Jigsaw Press, $0.99, ISBN 978-1934340110
Historical Fiction, 2016
ML Bushman’s Can of Worms is labeled as romance, but I confess I have my doubts about a romance with such a title. This is not going to be a romance between a woman and a were-worm, is it, or worse, a polyamorous romance with a can of were-worms?
Well, it turns out that this is a Western fiction, so I’m not sure how the romance tag fits with this one.
More significantly, unlike an installment in a romance series, this one seems like part of an ongoing series instead of a standalone story. So, readers reading this one without having read any of the other stories in this Eli Stone series will be getting pretty much story with no beginning and no end. This is the sixth entry in the series, after all.
This story serves to advance an arc in Eli Stone’s life: the death of whom I suppose is a main or important secondary character. So, since I don’t know any of these people, I have zero investment in the dramatic scene.

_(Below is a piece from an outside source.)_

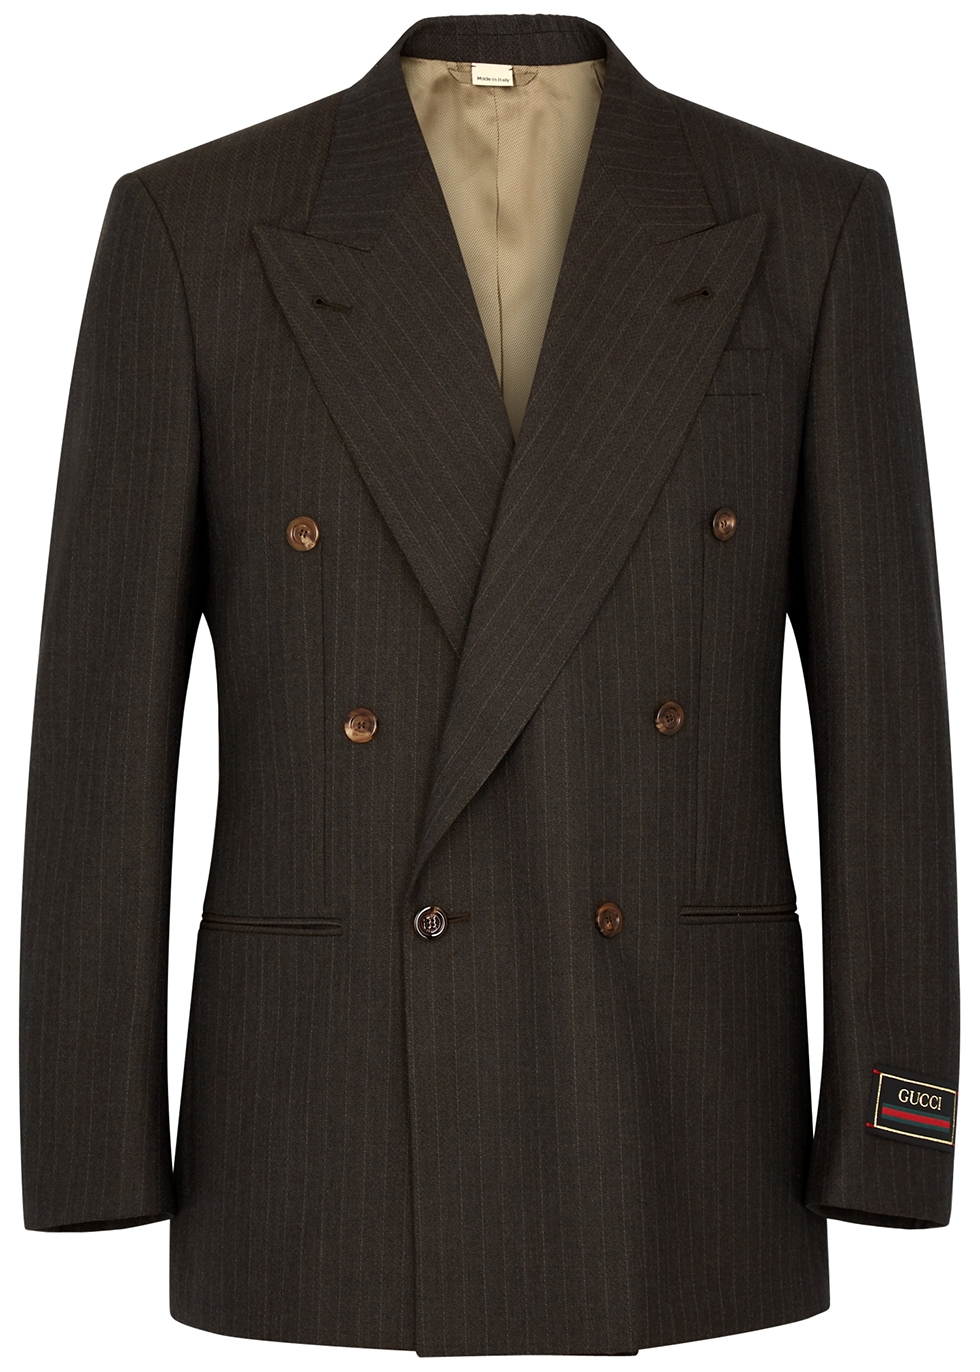 Gucci Charcoal double-breasted wool blazer - Harvey Nichols

I can say, however, that the author has an attractive gritty, blunt narrative style that fits the tone and atmosphere of a Western series very well. It’s masculine in tone and style, but not too masculine to alienate people that prefer a softer, feminine narrative style.
However, the author tends to be tad too fond of dialogues. This story is practically narrated through conversations between Eli and two or three other characters. It reduces me, the reader, into the role of a passive eavesdropper, which further distances me from the story.
Letting me “see” the characters do things instead of having them tell me about it would have helped in making me get more emotionally invested in the story. Who knows, I may even want to pick up the earlier installments. Crazy, huh?
As it is, I’m intrigued by the author’s style, but I’d likely pick up a more standalone work instead of past or future installments of this series. Who knows, maybe that could be a fun trip in itself.